ACTIVITY: Without leaving anything out, print every line of the data.

DATA BLOCK:
--*--

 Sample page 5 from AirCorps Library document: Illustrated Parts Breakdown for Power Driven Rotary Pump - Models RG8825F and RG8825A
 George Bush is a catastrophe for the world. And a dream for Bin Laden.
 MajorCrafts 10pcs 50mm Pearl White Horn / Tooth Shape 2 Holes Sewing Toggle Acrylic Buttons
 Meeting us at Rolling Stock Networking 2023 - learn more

--*--

RESPONSE TO THE EXERCISE:
 Sample page 5 from AirCorps Library document: Illustrated Parts Breakdown for Power Driven Rotary Pump - Models RG8825F and RG8825A
 George Bush is a catastrophe for the world. And a dream for Bin Laden.
 MajorCrafts 10pcs 50mm Pearl White Horn / Tooth Shape 2 Holes Sewing Toggle Acrylic Buttons
 Meeting us at Rolling Stock Networking 2023 - learn more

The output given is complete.